• [What is needed] Within the entries below, please retype exactly the lines starting with the line that has "Vans CLASSIC LOW" and going on through the line that has "Movilcar presenta en", but not the pictures.

• [Records for processing]
---

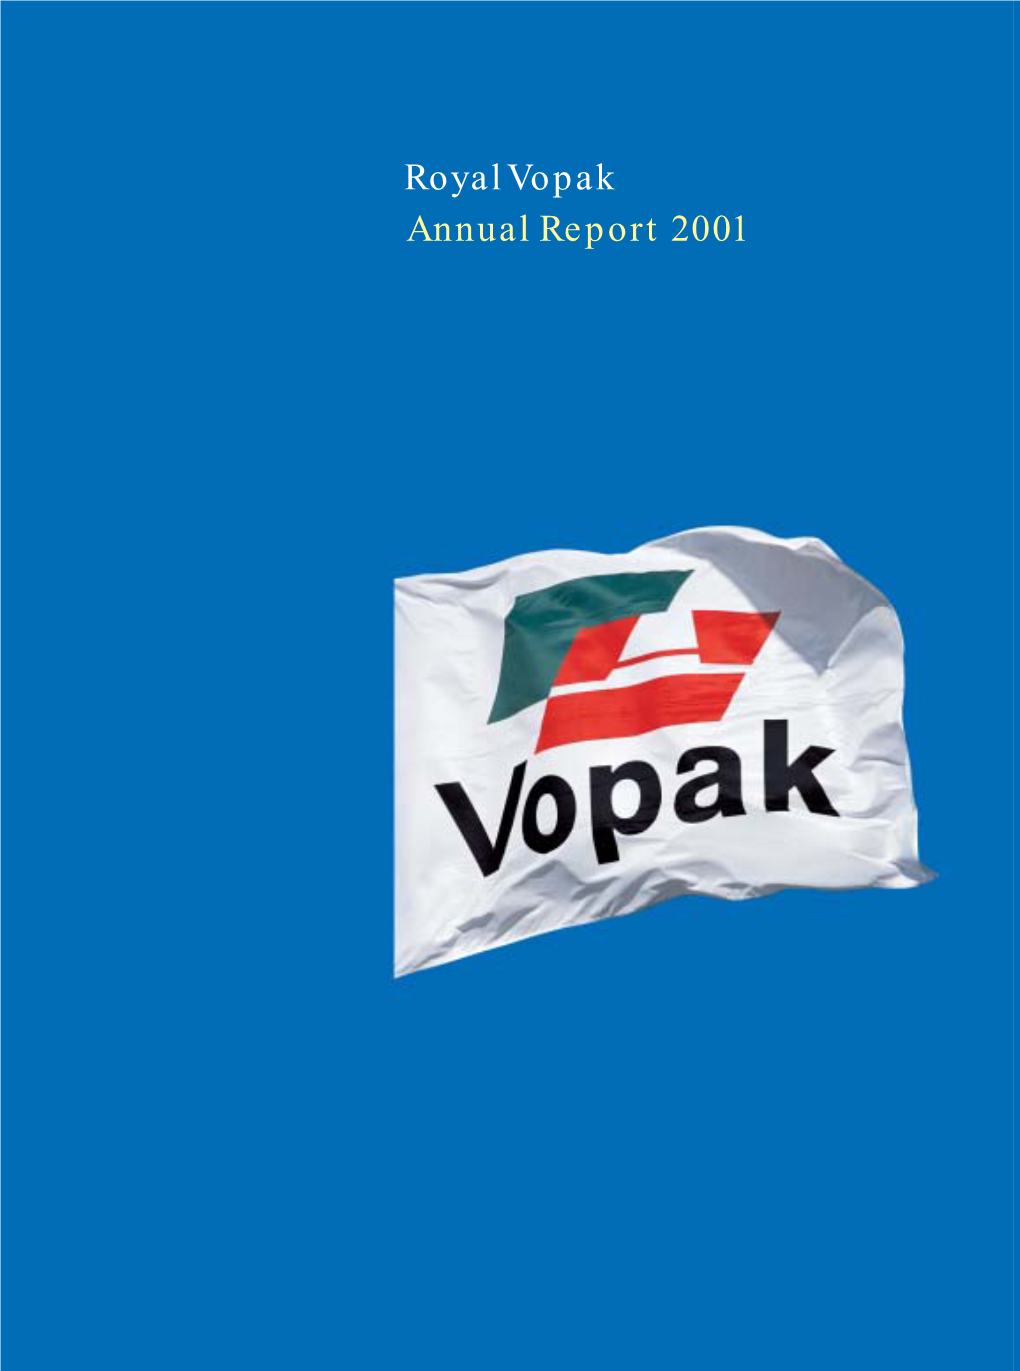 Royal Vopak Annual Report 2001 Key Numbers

---

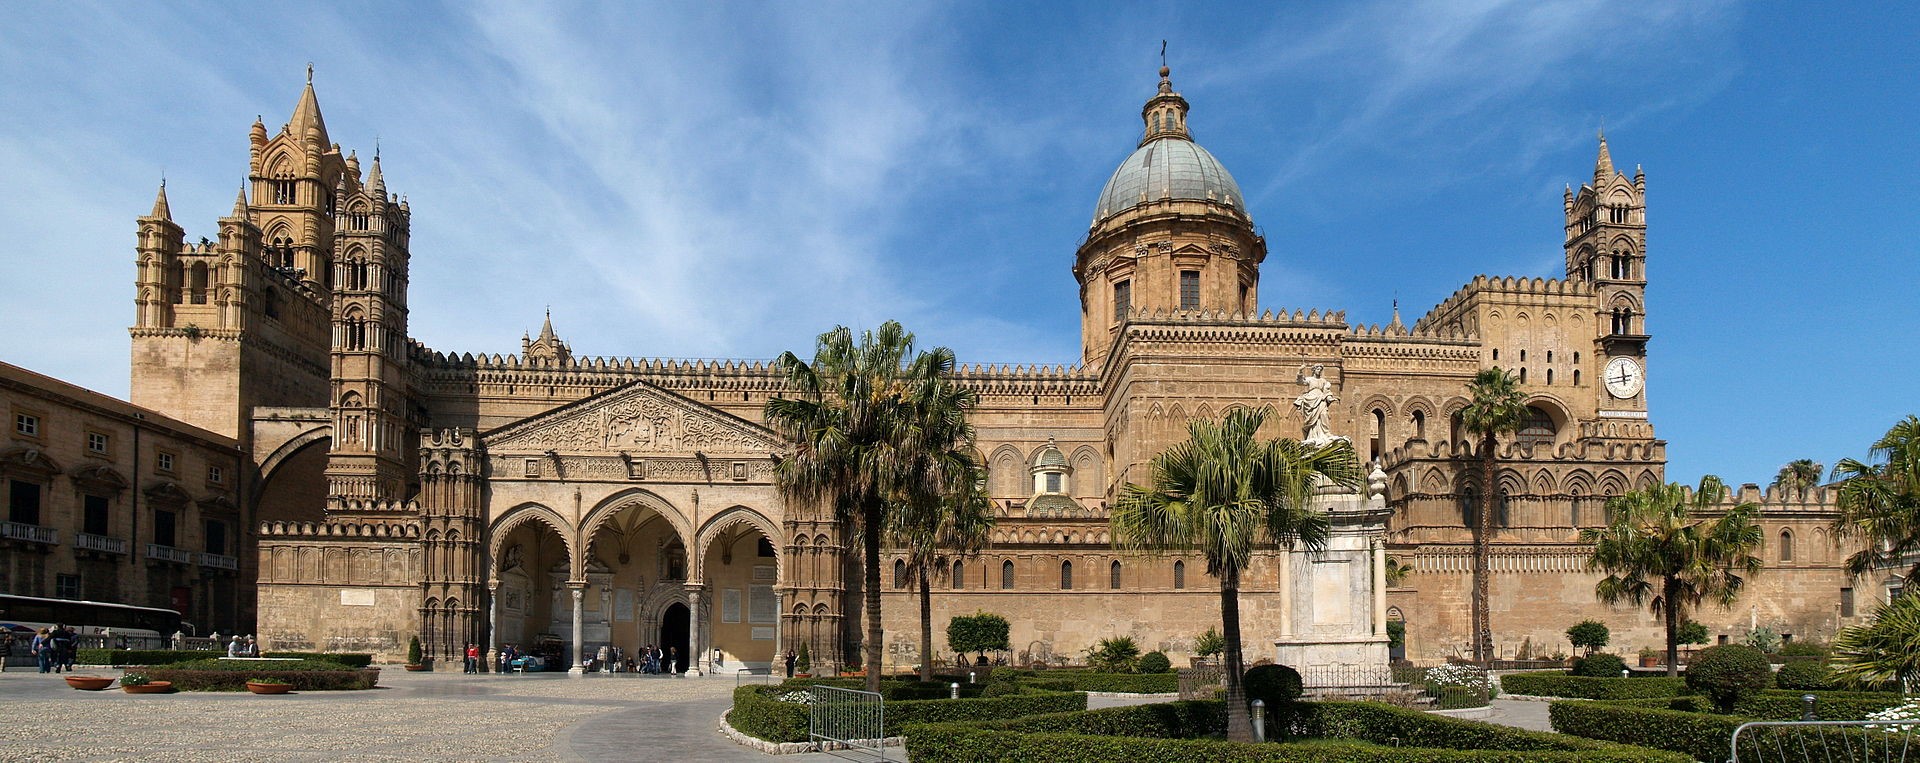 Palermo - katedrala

---

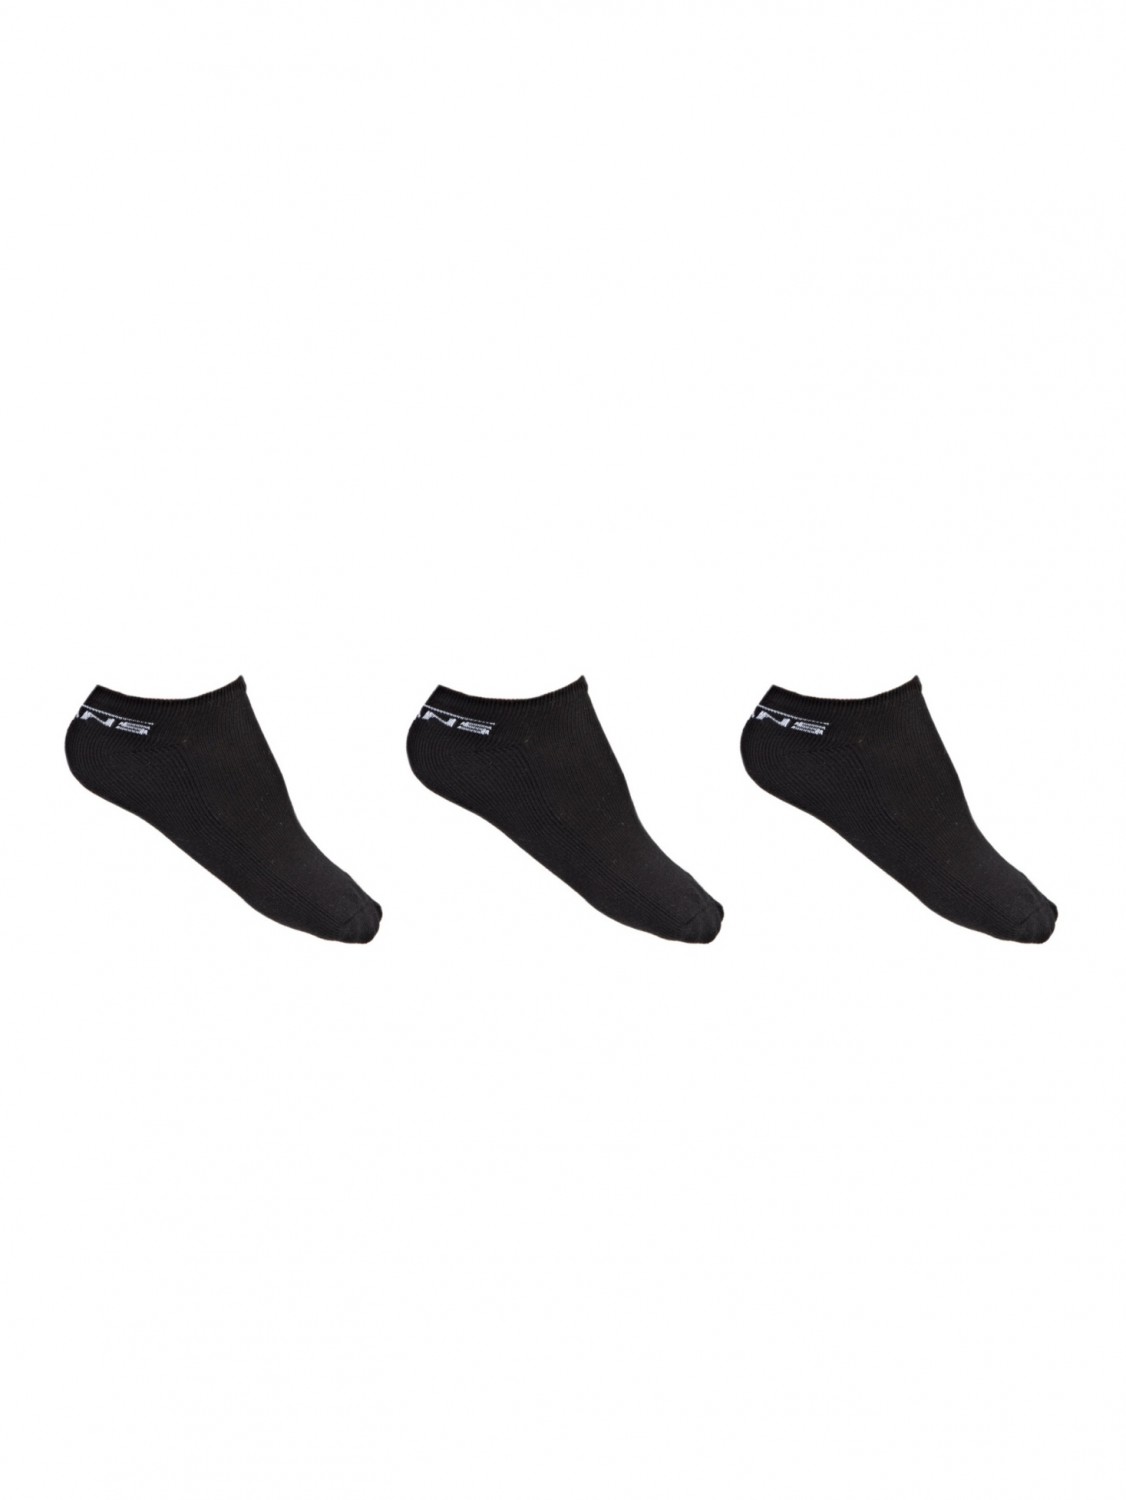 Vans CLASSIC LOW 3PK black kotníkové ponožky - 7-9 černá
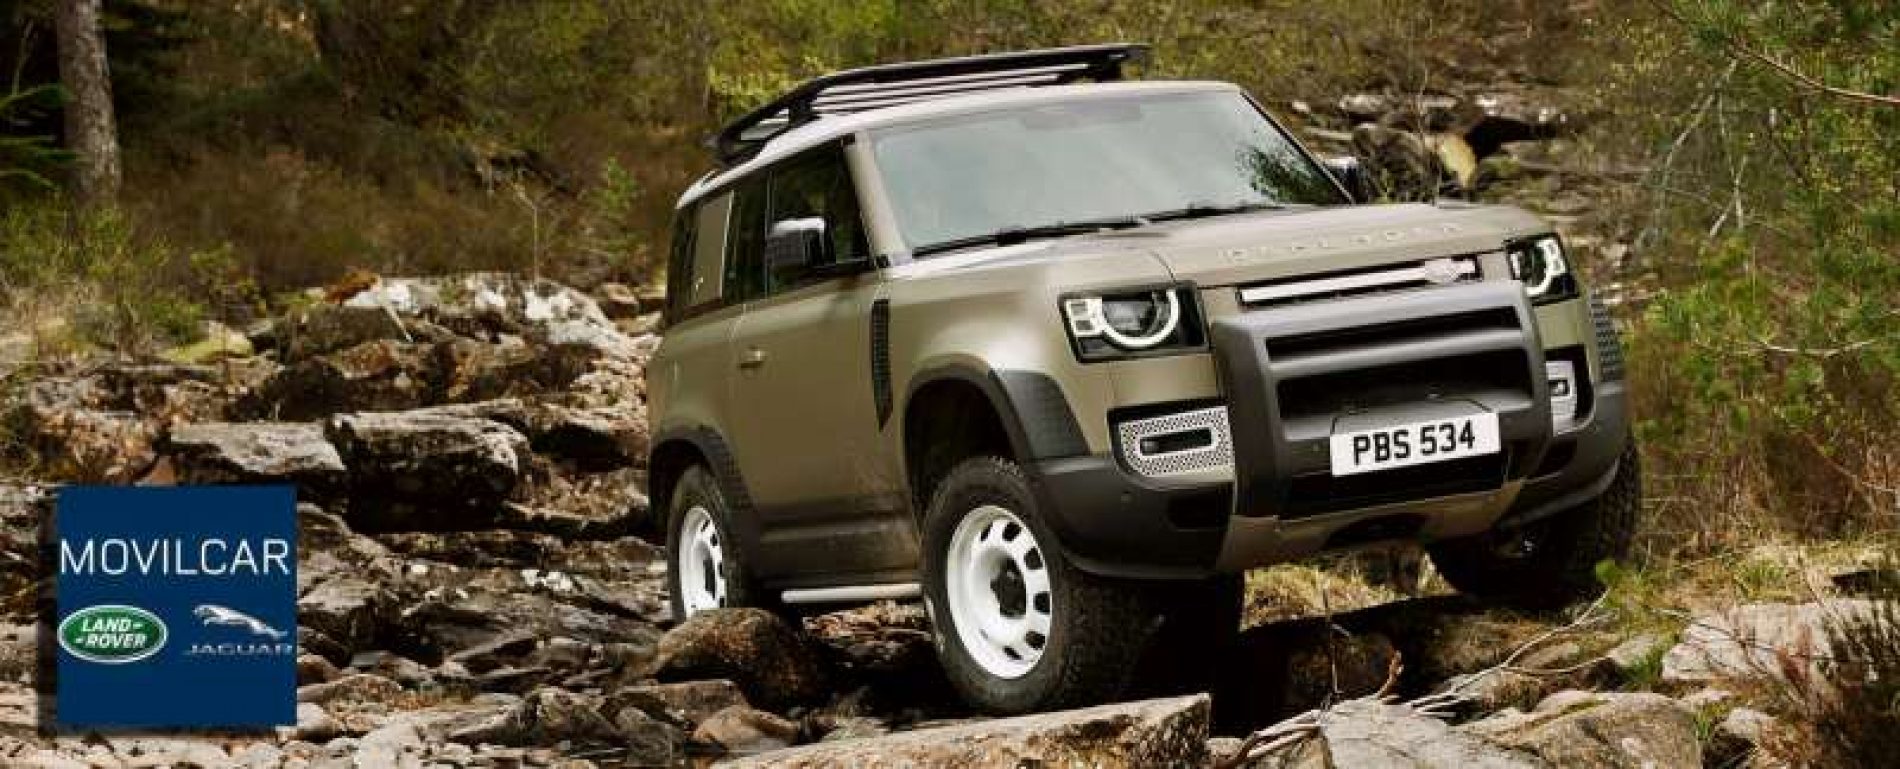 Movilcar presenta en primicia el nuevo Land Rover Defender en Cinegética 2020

---

• [Completed exercise]
 Vans CLASSIC LOW 3PK black kotníkové ponožky - 7-9 černá
 Movilcar presenta en primicia el nuevo Land Rover Defender en Cinegética 2020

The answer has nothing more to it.